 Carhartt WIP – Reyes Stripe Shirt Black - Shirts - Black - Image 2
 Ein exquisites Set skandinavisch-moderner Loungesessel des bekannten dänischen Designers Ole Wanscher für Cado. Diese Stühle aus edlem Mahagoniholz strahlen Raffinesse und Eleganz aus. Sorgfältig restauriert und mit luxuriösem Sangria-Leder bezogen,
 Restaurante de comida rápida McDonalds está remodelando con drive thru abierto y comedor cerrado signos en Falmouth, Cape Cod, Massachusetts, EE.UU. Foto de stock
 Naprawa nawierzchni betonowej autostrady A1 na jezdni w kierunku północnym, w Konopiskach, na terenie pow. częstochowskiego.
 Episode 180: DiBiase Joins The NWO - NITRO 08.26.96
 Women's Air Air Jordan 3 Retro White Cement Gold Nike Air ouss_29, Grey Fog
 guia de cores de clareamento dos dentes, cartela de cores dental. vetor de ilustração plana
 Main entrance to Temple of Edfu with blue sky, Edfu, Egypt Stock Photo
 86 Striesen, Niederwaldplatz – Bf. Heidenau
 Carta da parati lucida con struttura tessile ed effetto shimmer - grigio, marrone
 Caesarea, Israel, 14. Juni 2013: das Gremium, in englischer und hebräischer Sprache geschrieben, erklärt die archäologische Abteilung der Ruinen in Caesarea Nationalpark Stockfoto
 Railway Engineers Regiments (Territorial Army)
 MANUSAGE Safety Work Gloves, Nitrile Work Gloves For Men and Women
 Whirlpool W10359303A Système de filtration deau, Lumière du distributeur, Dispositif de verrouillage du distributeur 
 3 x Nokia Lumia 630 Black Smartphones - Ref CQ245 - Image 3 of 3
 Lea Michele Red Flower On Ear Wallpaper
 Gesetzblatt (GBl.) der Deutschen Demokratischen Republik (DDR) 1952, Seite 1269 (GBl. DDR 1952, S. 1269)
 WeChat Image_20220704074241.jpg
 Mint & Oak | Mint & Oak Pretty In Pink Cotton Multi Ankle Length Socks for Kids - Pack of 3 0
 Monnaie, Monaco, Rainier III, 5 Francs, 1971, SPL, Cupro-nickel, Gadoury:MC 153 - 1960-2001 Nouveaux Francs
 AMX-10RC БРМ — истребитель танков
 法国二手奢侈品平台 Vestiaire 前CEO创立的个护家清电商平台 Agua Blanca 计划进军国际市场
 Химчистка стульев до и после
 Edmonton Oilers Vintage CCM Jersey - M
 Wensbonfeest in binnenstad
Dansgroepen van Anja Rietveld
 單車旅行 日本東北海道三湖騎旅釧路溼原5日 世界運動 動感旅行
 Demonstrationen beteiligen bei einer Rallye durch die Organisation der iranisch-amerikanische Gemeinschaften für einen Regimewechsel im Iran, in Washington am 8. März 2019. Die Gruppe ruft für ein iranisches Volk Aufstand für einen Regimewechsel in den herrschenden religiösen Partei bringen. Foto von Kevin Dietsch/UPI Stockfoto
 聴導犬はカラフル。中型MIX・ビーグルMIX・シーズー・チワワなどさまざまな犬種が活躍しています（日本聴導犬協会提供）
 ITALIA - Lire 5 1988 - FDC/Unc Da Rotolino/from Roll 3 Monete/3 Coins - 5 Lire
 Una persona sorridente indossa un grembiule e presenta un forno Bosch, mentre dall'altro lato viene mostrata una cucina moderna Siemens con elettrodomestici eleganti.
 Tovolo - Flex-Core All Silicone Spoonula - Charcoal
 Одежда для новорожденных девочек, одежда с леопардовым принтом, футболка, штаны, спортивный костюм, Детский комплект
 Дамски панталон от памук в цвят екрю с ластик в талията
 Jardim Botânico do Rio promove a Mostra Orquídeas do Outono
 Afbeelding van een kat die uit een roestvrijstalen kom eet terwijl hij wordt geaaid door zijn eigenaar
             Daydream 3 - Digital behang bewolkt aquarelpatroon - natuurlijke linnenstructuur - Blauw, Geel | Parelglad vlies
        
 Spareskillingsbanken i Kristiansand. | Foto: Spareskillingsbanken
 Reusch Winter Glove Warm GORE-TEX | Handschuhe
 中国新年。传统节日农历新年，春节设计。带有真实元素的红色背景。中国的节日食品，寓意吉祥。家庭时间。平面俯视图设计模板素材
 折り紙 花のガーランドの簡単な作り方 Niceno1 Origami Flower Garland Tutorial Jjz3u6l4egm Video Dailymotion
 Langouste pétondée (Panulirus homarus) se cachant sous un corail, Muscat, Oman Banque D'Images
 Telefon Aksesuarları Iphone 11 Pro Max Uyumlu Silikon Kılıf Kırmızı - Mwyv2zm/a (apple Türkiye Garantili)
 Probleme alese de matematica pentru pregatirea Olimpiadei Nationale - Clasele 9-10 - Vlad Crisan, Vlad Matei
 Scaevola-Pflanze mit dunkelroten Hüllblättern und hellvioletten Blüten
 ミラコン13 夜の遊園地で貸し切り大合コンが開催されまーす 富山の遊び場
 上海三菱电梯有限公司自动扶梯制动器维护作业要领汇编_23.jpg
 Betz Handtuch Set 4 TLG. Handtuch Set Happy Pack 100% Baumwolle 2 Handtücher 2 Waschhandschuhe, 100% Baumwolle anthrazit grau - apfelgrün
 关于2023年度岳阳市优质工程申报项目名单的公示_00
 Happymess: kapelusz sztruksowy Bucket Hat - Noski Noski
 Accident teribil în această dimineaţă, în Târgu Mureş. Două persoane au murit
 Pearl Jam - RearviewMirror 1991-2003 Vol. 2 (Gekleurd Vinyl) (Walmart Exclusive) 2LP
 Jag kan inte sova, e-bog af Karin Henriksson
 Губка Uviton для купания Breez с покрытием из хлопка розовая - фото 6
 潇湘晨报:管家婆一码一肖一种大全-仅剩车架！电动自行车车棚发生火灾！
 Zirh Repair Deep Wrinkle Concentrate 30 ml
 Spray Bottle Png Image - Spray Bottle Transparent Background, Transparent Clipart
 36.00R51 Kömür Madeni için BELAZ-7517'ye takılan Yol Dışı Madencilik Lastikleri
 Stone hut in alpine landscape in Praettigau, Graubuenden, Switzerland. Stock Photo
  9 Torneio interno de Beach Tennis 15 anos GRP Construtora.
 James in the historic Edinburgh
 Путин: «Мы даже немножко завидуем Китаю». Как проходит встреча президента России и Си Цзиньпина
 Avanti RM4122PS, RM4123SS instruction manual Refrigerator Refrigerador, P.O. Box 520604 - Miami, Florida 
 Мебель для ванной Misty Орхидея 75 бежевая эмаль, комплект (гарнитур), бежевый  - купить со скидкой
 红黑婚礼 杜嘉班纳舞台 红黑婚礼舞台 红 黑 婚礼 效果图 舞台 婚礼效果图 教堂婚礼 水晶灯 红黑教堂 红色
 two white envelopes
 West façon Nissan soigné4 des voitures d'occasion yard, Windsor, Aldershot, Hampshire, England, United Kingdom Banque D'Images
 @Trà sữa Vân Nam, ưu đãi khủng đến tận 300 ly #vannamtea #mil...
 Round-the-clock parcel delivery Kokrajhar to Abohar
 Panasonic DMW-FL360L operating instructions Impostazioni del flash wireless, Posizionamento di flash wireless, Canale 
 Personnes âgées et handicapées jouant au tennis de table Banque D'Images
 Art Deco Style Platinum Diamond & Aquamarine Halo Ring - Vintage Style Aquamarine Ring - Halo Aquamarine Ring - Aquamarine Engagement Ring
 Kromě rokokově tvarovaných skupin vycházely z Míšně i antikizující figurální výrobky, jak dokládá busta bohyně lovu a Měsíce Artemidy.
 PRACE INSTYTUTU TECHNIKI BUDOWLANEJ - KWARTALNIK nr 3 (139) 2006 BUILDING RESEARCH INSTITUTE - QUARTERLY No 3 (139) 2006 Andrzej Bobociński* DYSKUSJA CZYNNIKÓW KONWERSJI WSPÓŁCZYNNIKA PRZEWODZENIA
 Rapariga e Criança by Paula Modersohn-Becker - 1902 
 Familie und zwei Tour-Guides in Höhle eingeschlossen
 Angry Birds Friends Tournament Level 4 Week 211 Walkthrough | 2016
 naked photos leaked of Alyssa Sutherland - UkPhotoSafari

* * * * *

Aim of the task: Copy the records above exactly, from the first line through the line containing "Whirlpool W10359303A Système", and include nothing else.

Answer to this exercise:
 Carhartt WIP – Reyes Stripe Shirt Black - Shirts - Black - Image 2
 Ein exquisites Set skandinavisch-moderner Loungesessel des bekannten dänischen Designers Ole Wanscher für Cado. Diese Stühle aus edlem Mahagoniholz strahlen Raffinesse und Eleganz aus. Sorgfältig restauriert und mit luxuriösem Sangria-Leder bezogen,
 Restaurante de comida rápida McDonalds está remodelando con drive thru abierto y comedor cerrado signos en Falmouth, Cape Cod, Massachusetts, EE.UU. Foto de stock
 Naprawa nawierzchni betonowej autostrady A1 na jezdni w kierunku północnym, w Konopiskach, na terenie pow. częstochowskiego.
 Episode 180: DiBiase Joins The NWO - NITRO 08.26.96
 Women's Air Air Jordan 3 Retro White Cement Gold Nike Air ouss_29, Grey Fog
 guia de cores de clareamento dos dentes, cartela de cores dental. vetor de ilustração plana
 Main entrance to Temple of Edfu with blue sky, Edfu, Egypt Stock Photo
 86 Striesen, Niederwaldplatz – Bf. Heidenau
 Carta da parati lucida con struttura tessile ed effetto shimmer - grigio, marrone
 Caesarea, Israel, 14. Juni 2013: das Gremium, in englischer und hebräischer Sprache geschrieben, erklärt die archäologische Abteilung der Ruinen in Caesarea Nationalpark Stockfoto
 Railway Engineers Regiments (Territorial Army)
 MANUSAGE Safety Work Gloves, Nitrile Work Gloves For Men and Women
 Whirlpool W10359303A Système de filtration deau, Lumière du distributeur, Dispositif de verrouillage du distributeur 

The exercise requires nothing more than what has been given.